Three dead, 13 missing in collapse of mine in Colombia

SANTANDER DE QUILICHAO (Colombia) (AFP) - Relatives of 13 miners buried by a landslide kept vigil Friday near an unlicensed mine in western Colombia, as they clung to meager hope that their loved ones could have survived.

The bodies of three miners were recovered at the illegal gold mine Thursday, but 13 other workers were still missing and feared dead.

Anguished relatives looked on from behind a security perimeter as a half-dozen backhoes clawed at the earth to try to get to the missing.

"I'm waiting for them to retrieve my brother and his wife, who are buried below," said one miner at the site.

Rescuers said Friday they believe they have located the bodies, some 30 meters below the surface, and said they were aided in their search by sniffer dogs.

Earlier estimates said that as many as 30 people had been buried in the mudslide, but it now appears that fewer miners than originally feared may have been caught.

Those who were unlucky enough to be trapped have virtually no chance of surviving, official said.

"It is hard to imagine that we'll find survivors, given that about 10 tons of earth fell on the victims," local rescue coordinator Graciela Tovar told AFP.

The accident happened at a mine outside the city of Santander de Quilichao, where independent mine workers were excavating without authorization.

The avalanche of mud, rock, and earth slid into the cavernous earthen pit Wednesday night into Thursday as the workers labored with hand tools to extract gold at the site.

The mine employed local men and women, sometimes from the same families, but neither the workers nor the facility were properly credentialed, officials said.

Colombia has more than 14,000 mines, more than half of which operate without proper permits, officials said.
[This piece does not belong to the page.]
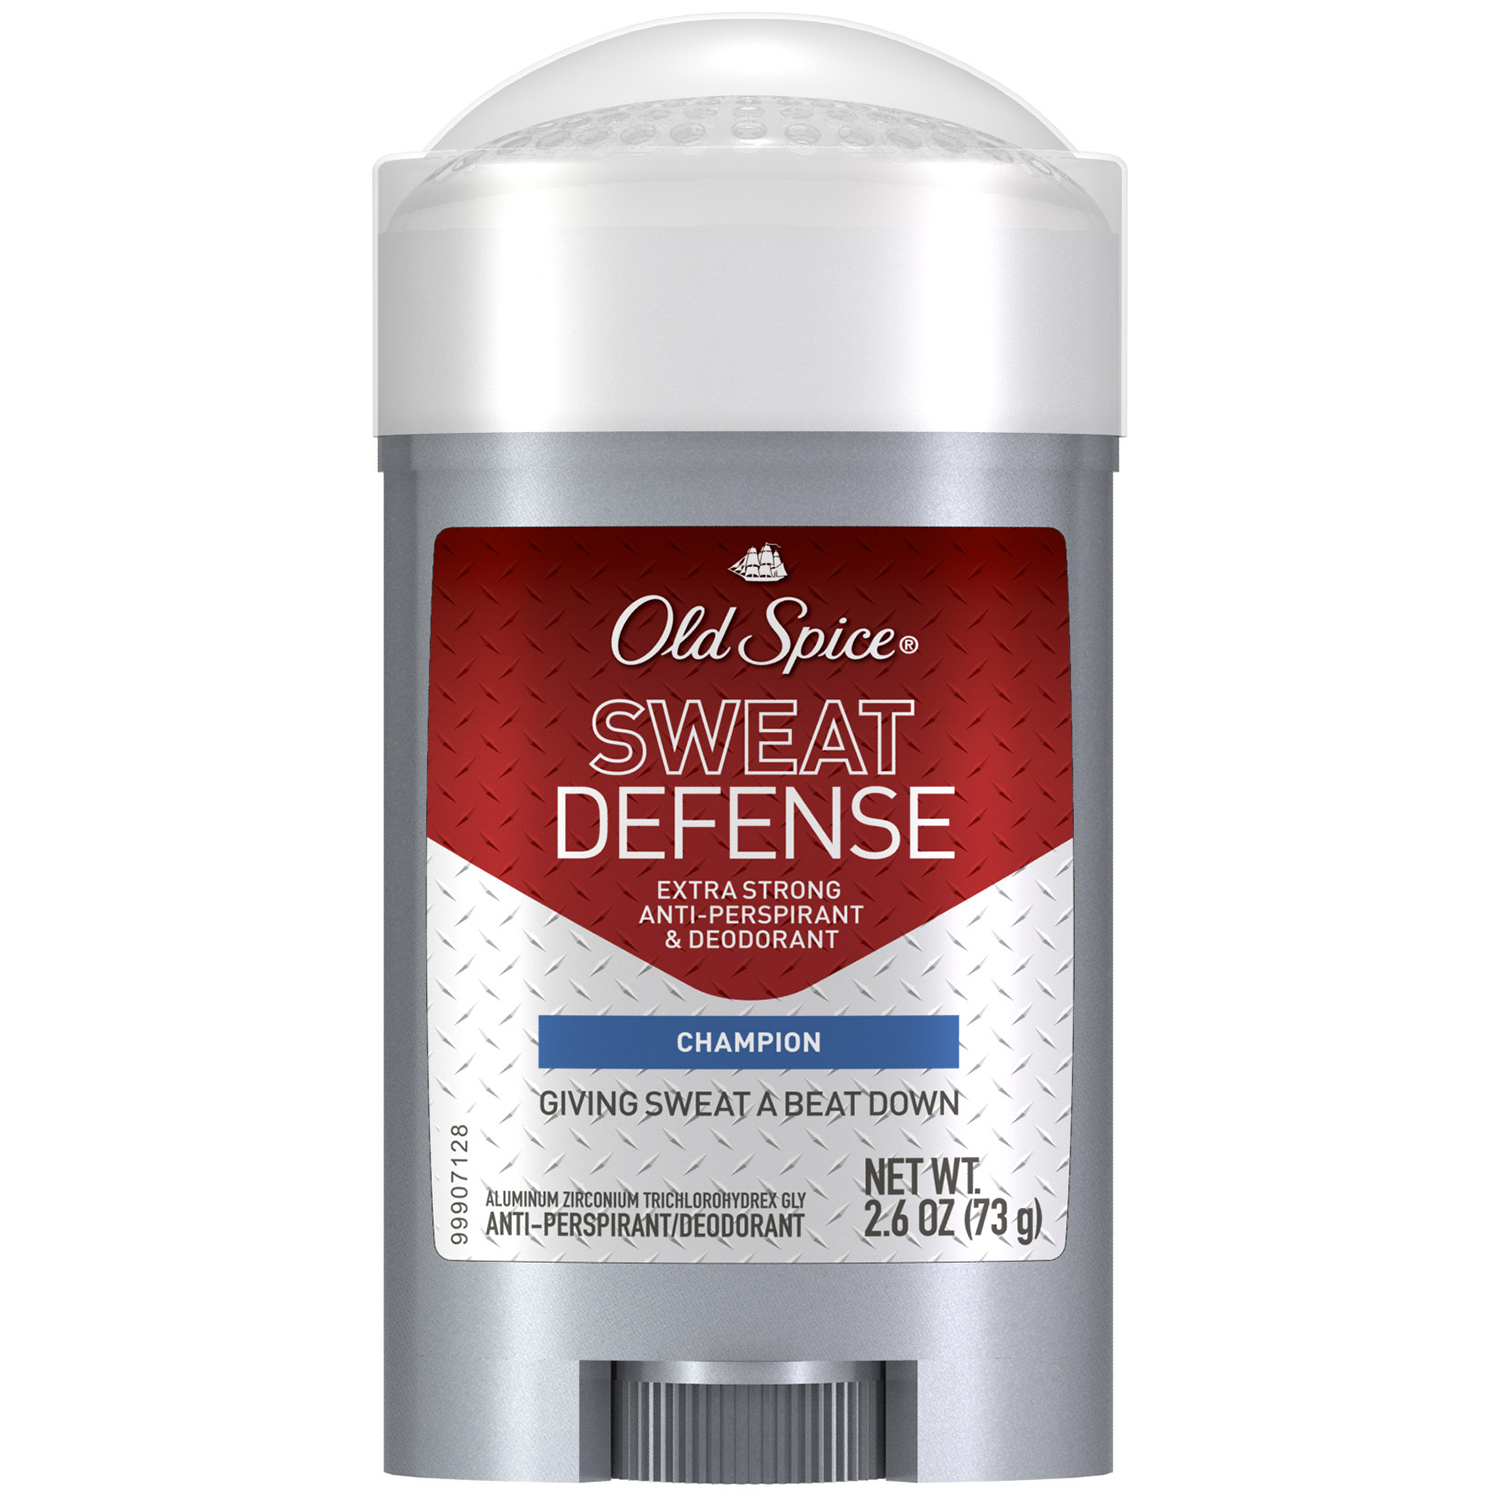 Old Spice Red Zone Sweat Defense Antiperspirant & Deodorant, Soft Solid, Champion, 2.6 oz
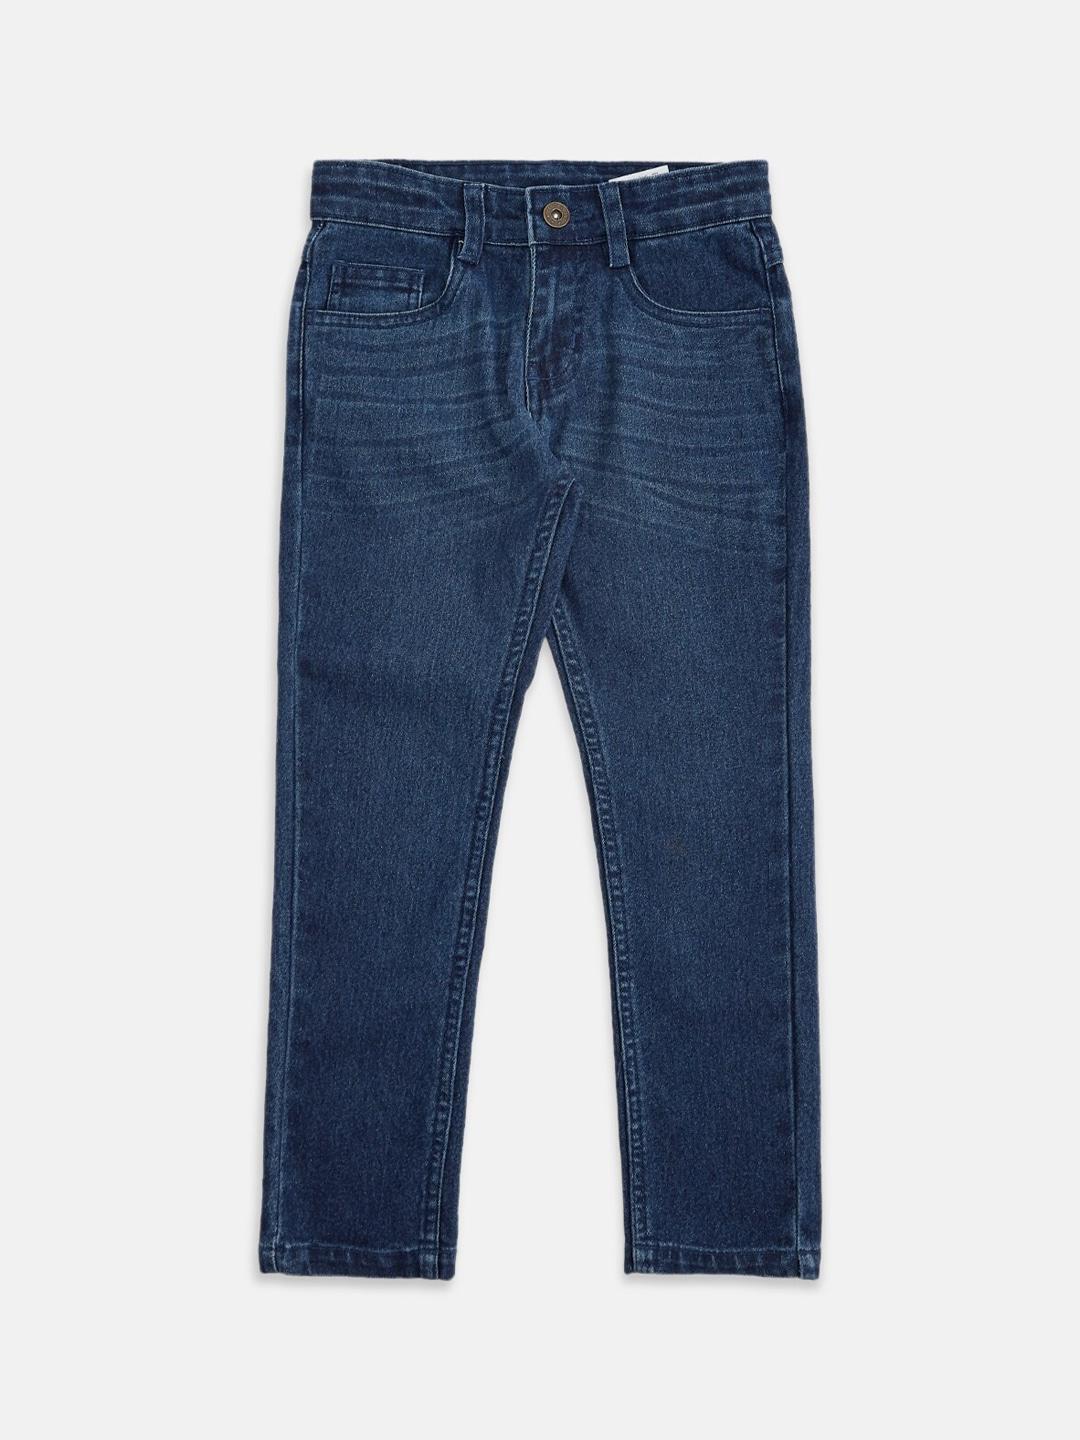 pantaloons-junior-boys-blue-light-fade-jeans

The government even has confiscated heavy excavation equipment at some illegal sites.

At any given time about 400 people worked as freelance gold miners, keeping part of whatever gold they were able to find, but most of their find going to the mine owners.

Mining Minister Amylkar Acosta said authorities suspect the mine also had ties to organized crime, adding that the government had created a special military unit to try to wipe out illegal mining.

It was the second mining accident in Colombia in less than a week.

Last Saturday in the northwestern department of Antioquia, four miners died from inhaling toxic gas in an unlicensed mine.

Rather than use their own equipment to try rescue the missing, the owners of the mine hid it to keep it from being seized because the operation has no permit, Acosta said.